• **Problem**: For the listing below, return the line containing "Штани велюрові АВС", the line containing "Coucher de Soleil à Calvi (Stéphanie Ingram)", and all lines in between, exactly as written and nothing else.

• **Listed records**:
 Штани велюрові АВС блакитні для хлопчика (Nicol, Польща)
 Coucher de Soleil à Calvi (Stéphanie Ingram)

* * *

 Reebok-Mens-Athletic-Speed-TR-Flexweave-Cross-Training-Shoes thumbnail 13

• **Answer to the exercise**:
 Штани велюрові АВС блакитні для хлопчика (Nicol, Польща)
 Coucher de Soleil à Calvi (Stéphanie Ingram)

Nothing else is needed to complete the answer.